Lithium South Closes Non-Brokered Private Placement

December 6, 2021 / Vancouver, BC / Lithium South Development Corporation (the “Company”) (TSX-V: LIS) (OTCQB: LISMF) (Frankfurt: OGPQ). Subject to the approval of the TSX Venture Exchange and further to the news release of Nov. 24, 2021, Lithium South Development Corp. has closed its non-brokered private placement, issuing 7.7 million units at a price of 60 cents per unit for gross proceeds of CDN $4.62million. Each Unit is comprised of one common share (a “Share”) and one transferable common share purchase warrant (a “Warrant”). Each Warrant will allow the holder to purchase one Share of the Company at a price of $0.75 per Share for a period of three (3) years (the “Expiry Date”) from the date of closing of the Private Placement.

The Company also announces that, subject to the approval of the Exchange, it has closed its Private Placement issuing 2,300,000 Units at a price of $0.65 per Unit for gross proceeds of $1,495,000. Each Unit consists of one Share and one Warrant. Each Warrant will allow the holder to purchase one Share of the Company at a price of $0.82 per Share until the Expiry Date.
Proceeds of the Private Placements will be used to advance the Company’s HMN Lithium Project, located in Salta Province, Argentina. A drill program is currently being designed to potentially increase the present lithium resource, and process test work is underway. In addition, the funding will be used to undertake an advertising campaign as announced November 24, 2021, and for general working capital purposes.

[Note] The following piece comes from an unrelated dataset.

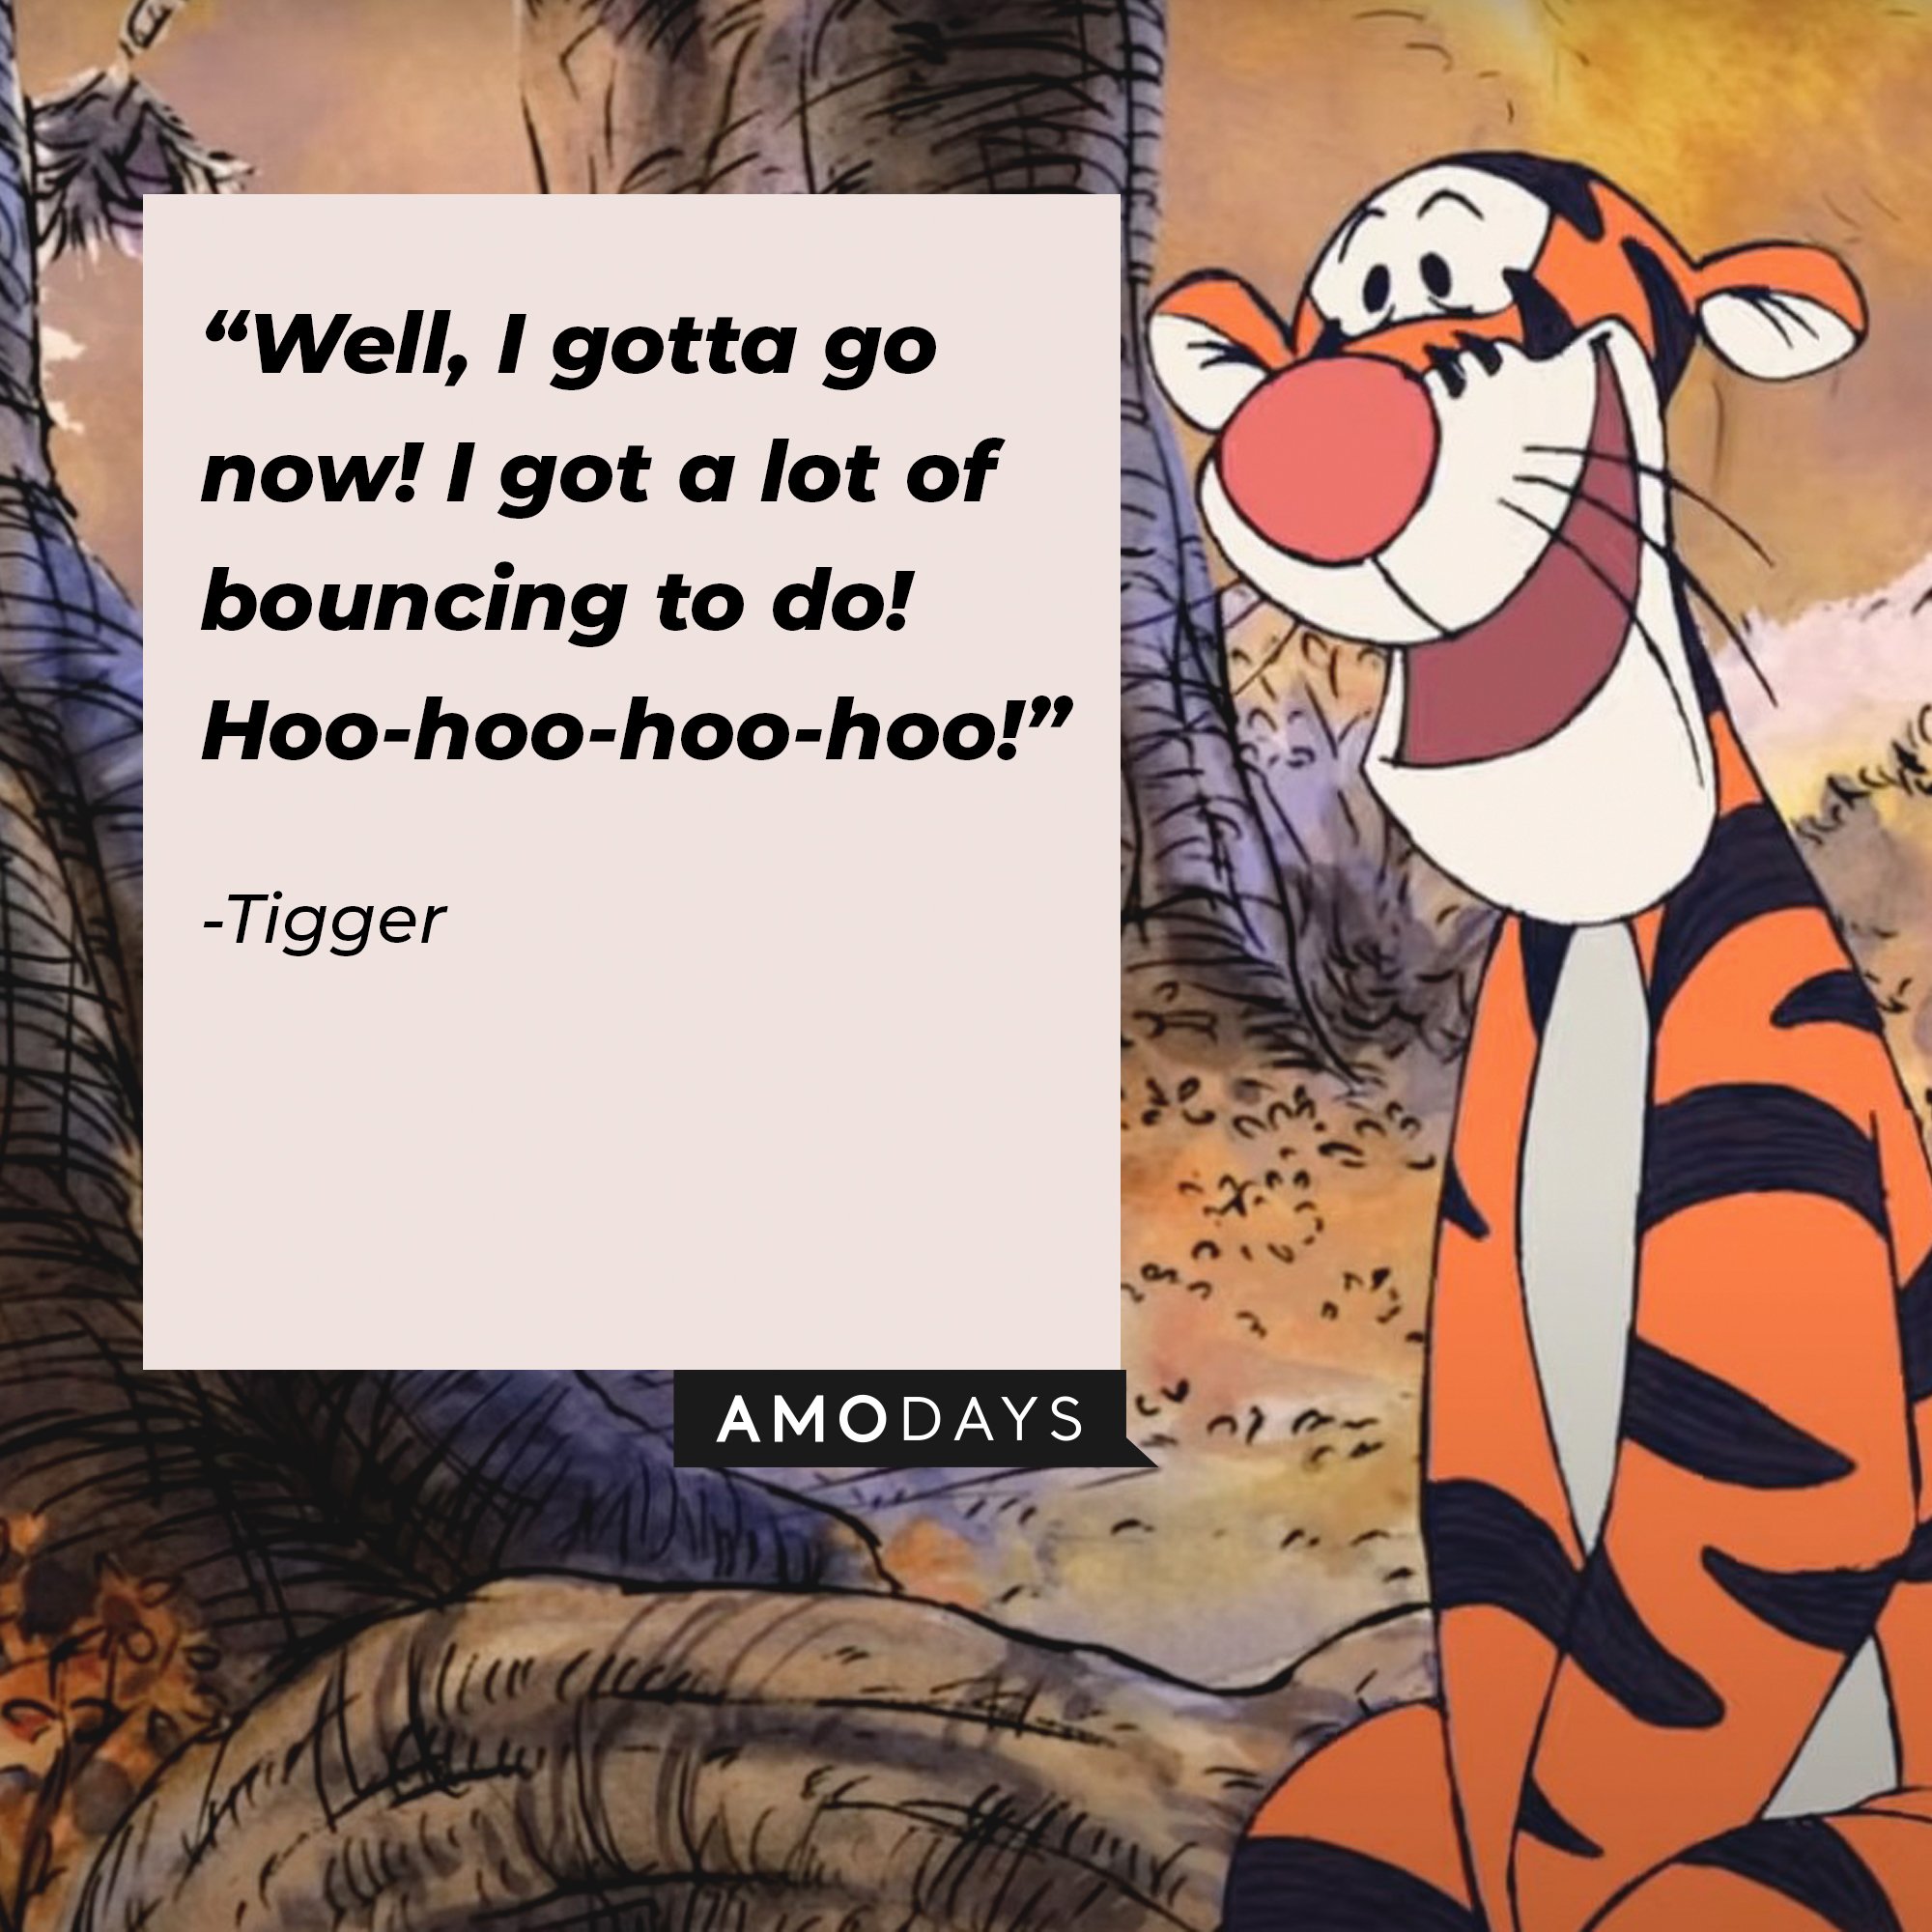  Tigger's quote: "Well, I gotta go now! I got a lot of bouncing to do! Hoo-hoo-hoo-hoo!" | Image: AmoDays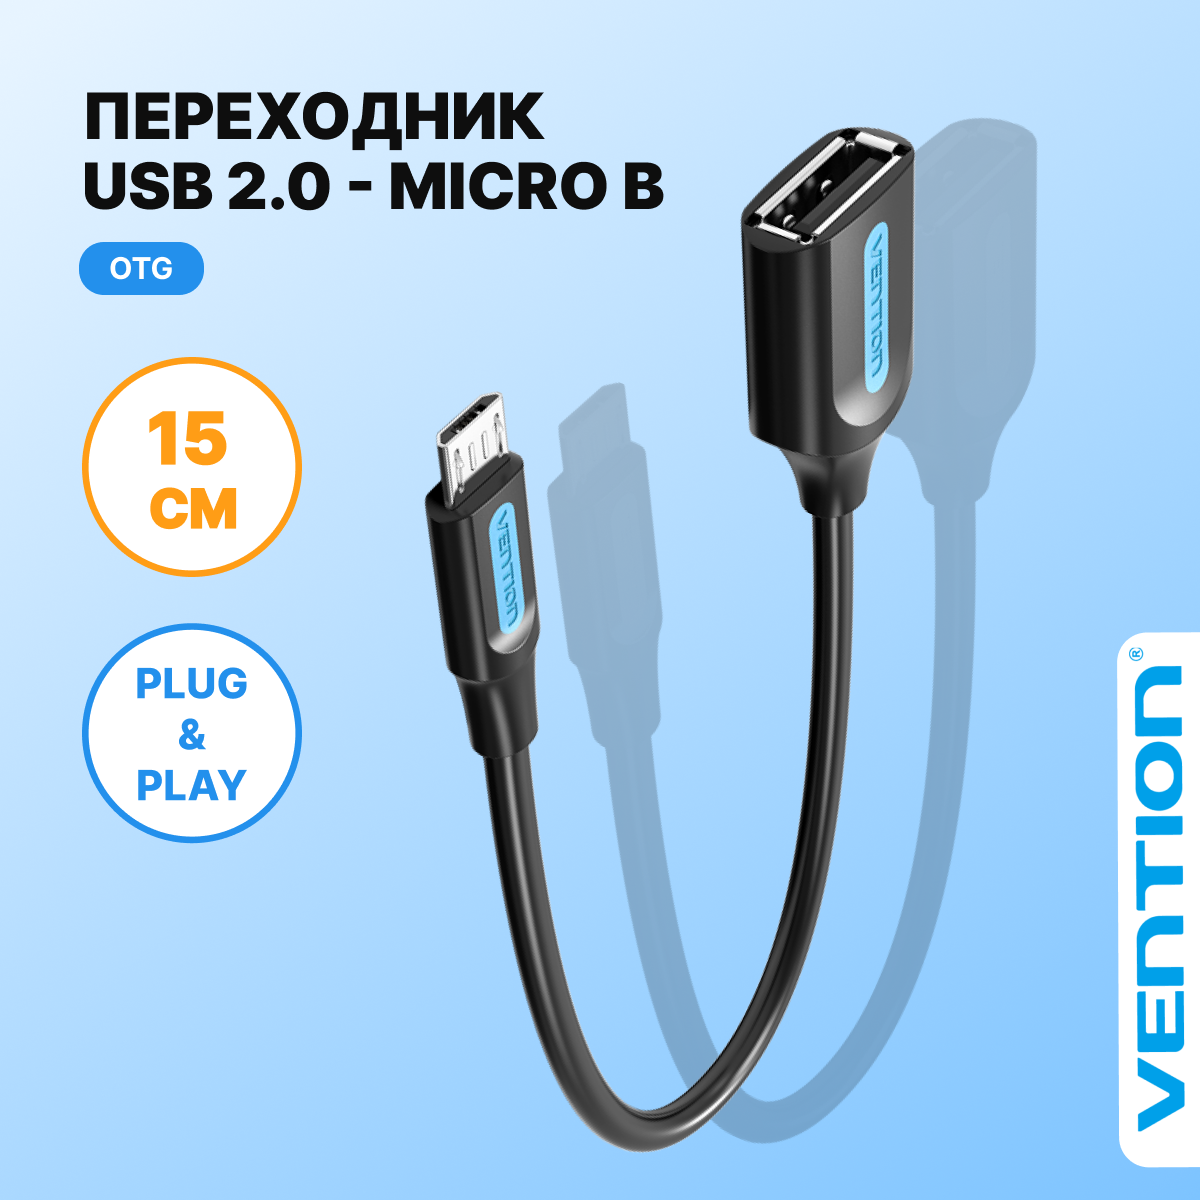 Vention Адаптер переходник OTG USB 2.0 AF (мама) на разъем micro B 5pin (папа) кабель 15 см арт. CCUBB

The Company paid finder’s fees of CDN $421,600 and 696,000 finder’s warrants (the “Finder’s Warrants”) to Canaccord Genuity Corp. and PI Financial Corp. The Finder’s Warrants are non-transferable and exercisable until the Expiry Date at prices of $0.75 to $0.82 per Share.

All securities issued will be subject to a four month hold period and the Exchange Hold Period.

The Company confirms that the price of the Units in the Private Placements was determined based on the closing market price of the Shares of the Company on the dates the Company announced the Private Placement and/or obtained Exchange acceptance to the pricing, in accordance with the policies of the Exchange. Subscription agreements received following the increase to the trading price of the Company’s Shares were priced at $0.65 per Unit.

About Lithium South

Lithium South is focused on developing the Hombre Muerto North Lithium Project (HMN Li Project), located on the Hombre Muerto Salar, a major lithium-producing salar in Argentina. The property is adjacent to land under development by the Korean multinational corporation POSCO, which acquired the ground from Galaxy Resources Ltd. for US $280 million. The Company completed a Preliminary Economic Assessment of the HMN Li Project in 2019, utilizing conventional evaporation extraction.

The Company is evaluating conventional evaporation as a process method, and Direct Lithium Extraction (DLE) as an alternative method. Three candidates for DLE are currently being evaluated. Two, 2,000-gallon bulk brine samples are in transit; one sample is heading to Oakland California for testing by Lilac Solutions, and the second sample is heading to Chengdu China for testing by Chemphys. DLE test work is also currently underway in Salta, Argentina by Eon Minerals.

In addition, the Company is planning to potentially expand the known resource by drilling various areas of interest identified in a recent TEM survey. The Company is awaiting approval of drill permits currently under review by the Mining Secretariat in Salta, Argentina.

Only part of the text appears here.